## What you have to do
Return only the lines below starting at the line containing "tastets_cuina" and ending at the line containing "Dress winter Boutique", both included, exactly as they are and with no pictures.
══ Available data
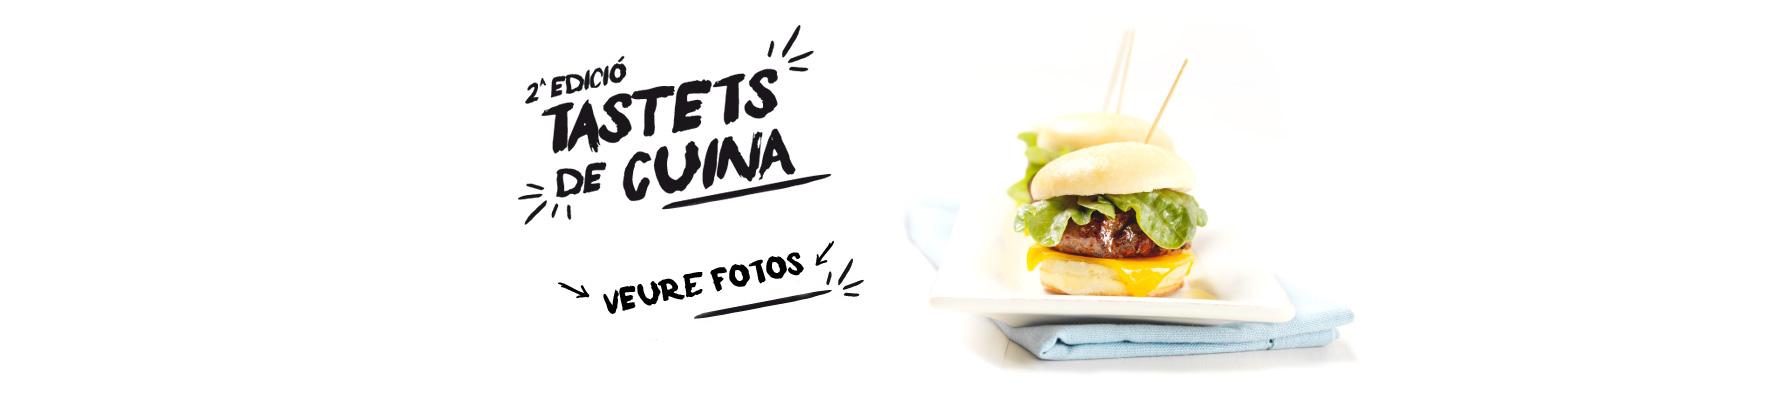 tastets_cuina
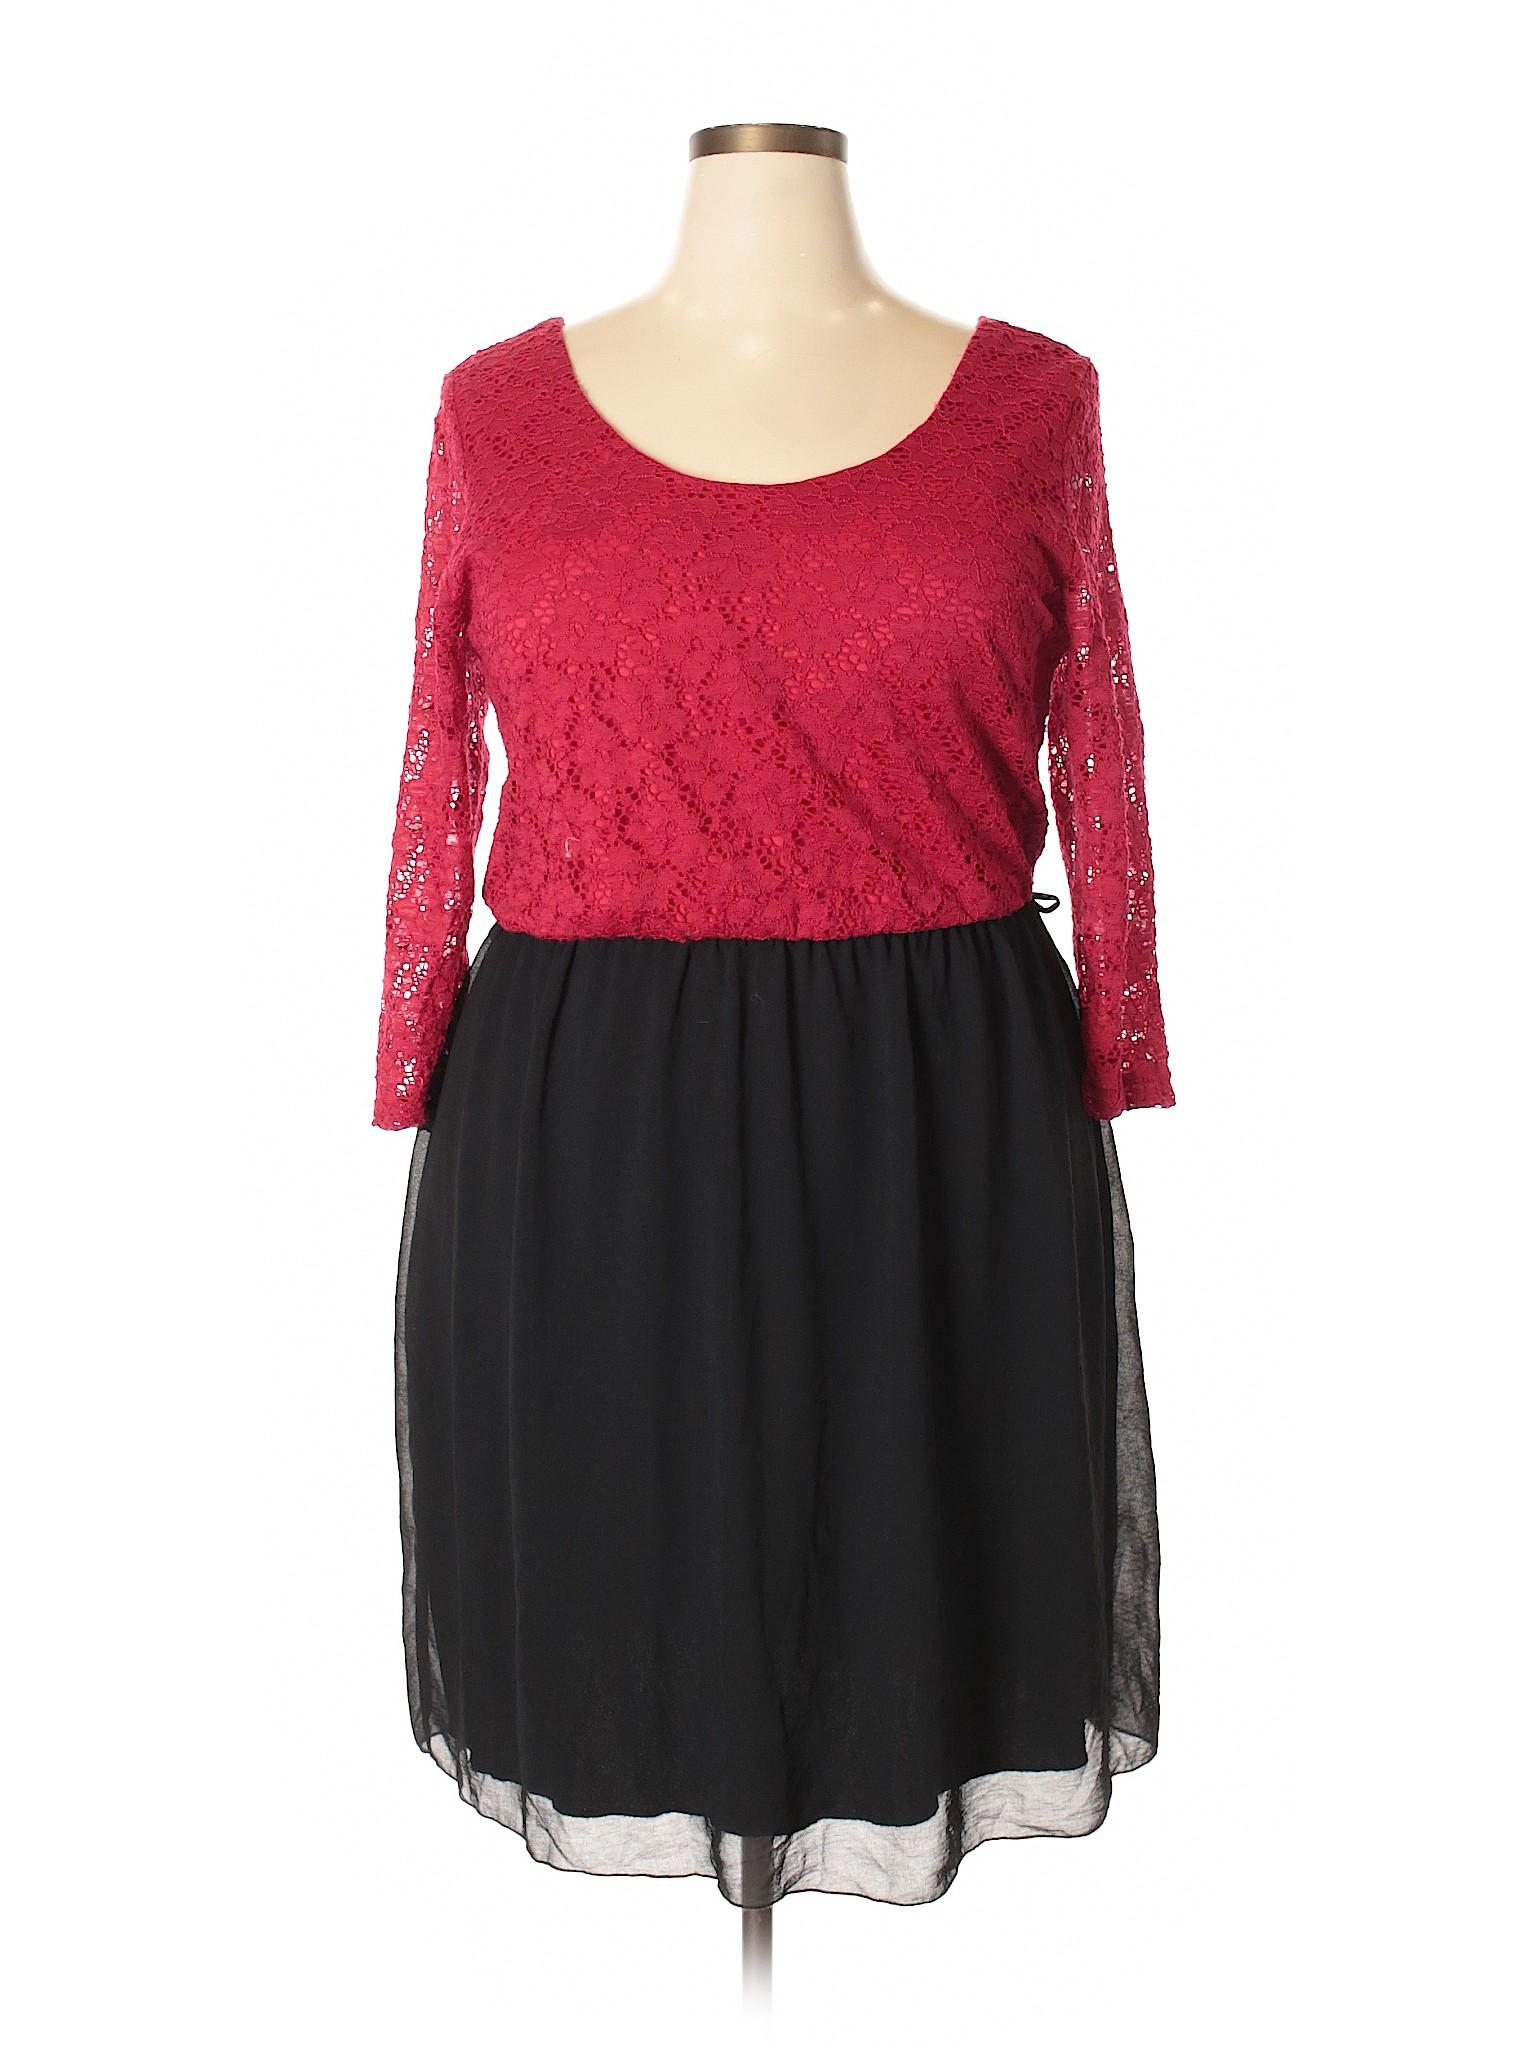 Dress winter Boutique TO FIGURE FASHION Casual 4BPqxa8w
════
══ Available data
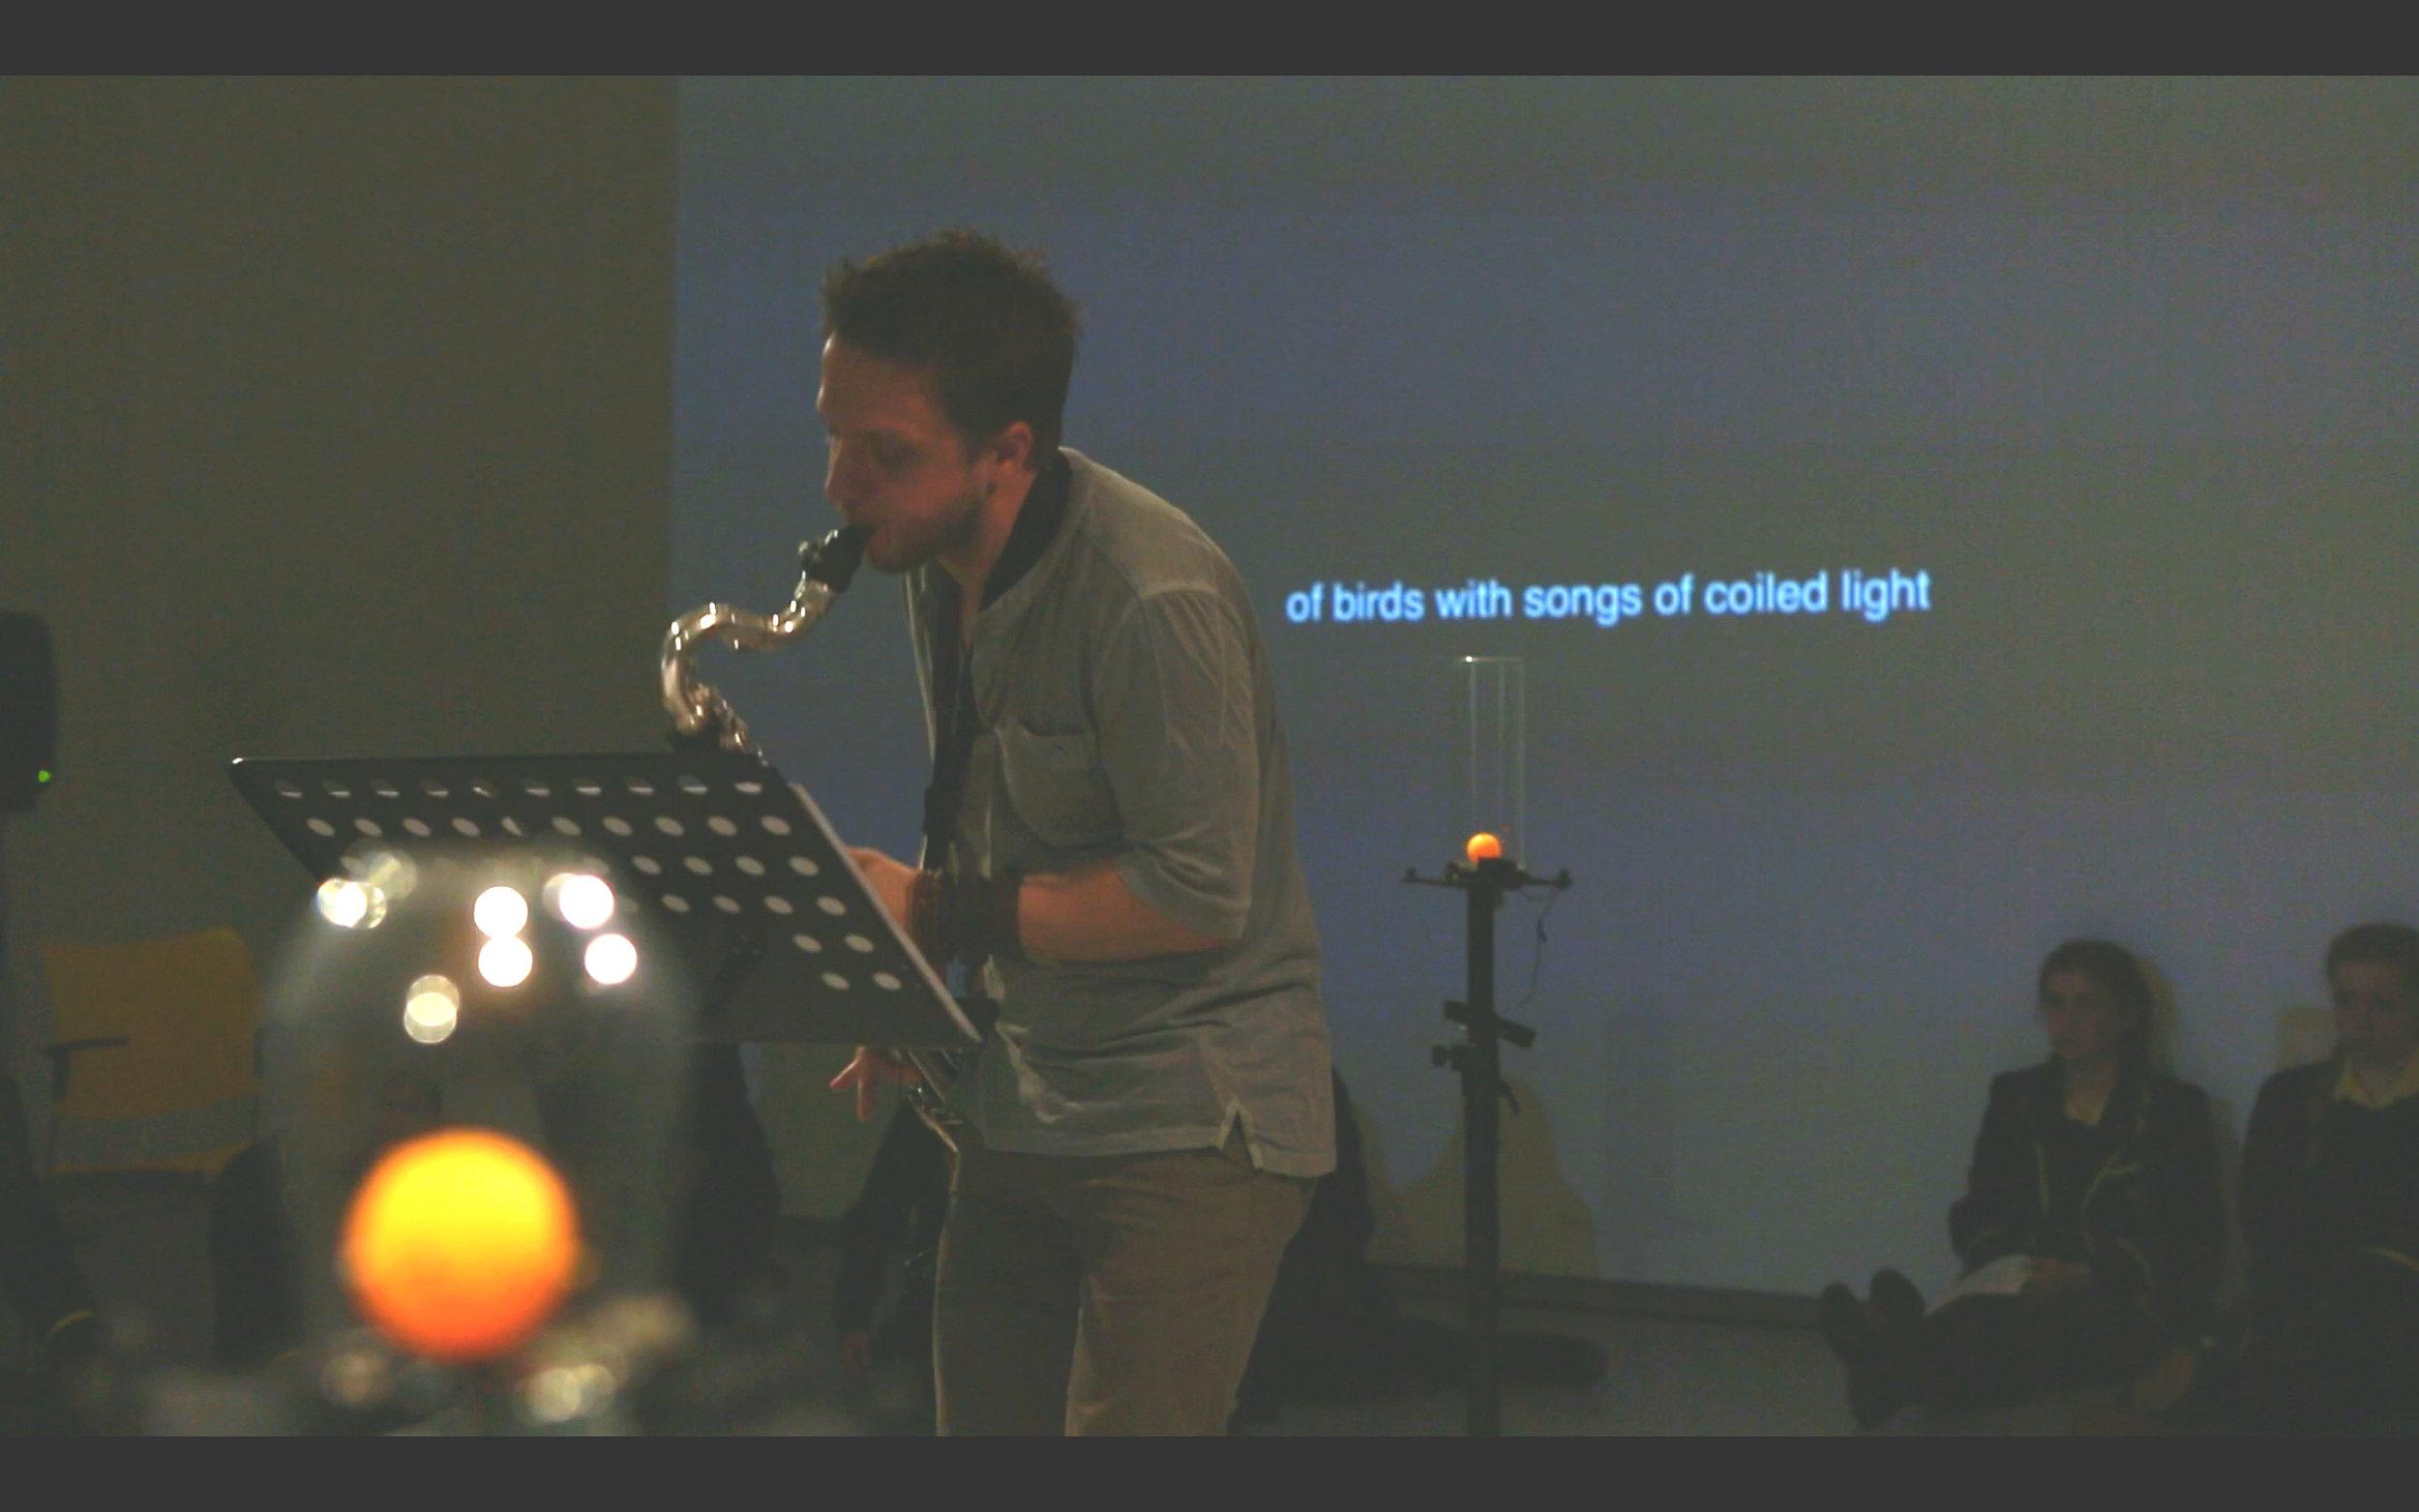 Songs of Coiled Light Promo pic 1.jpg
════
══ Available data
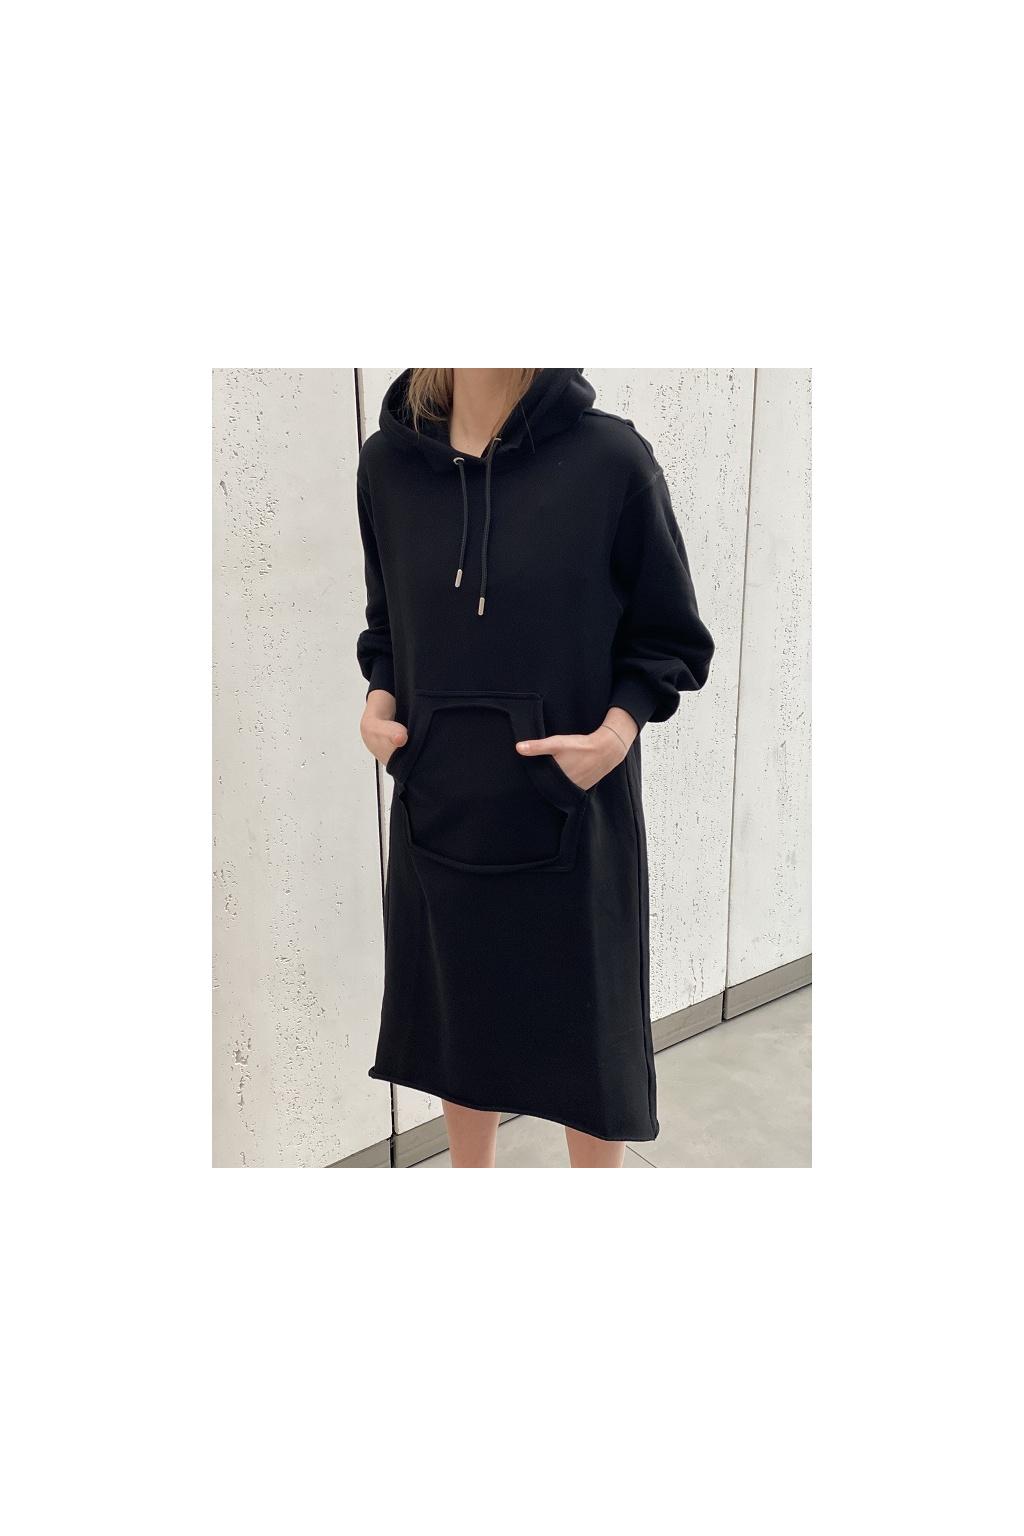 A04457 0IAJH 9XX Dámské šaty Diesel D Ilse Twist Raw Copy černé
════
## Completed exercise
 tastets_cuina
 Dress winter Boutique TO FIGURE FASHION Casual 4BPqxa8w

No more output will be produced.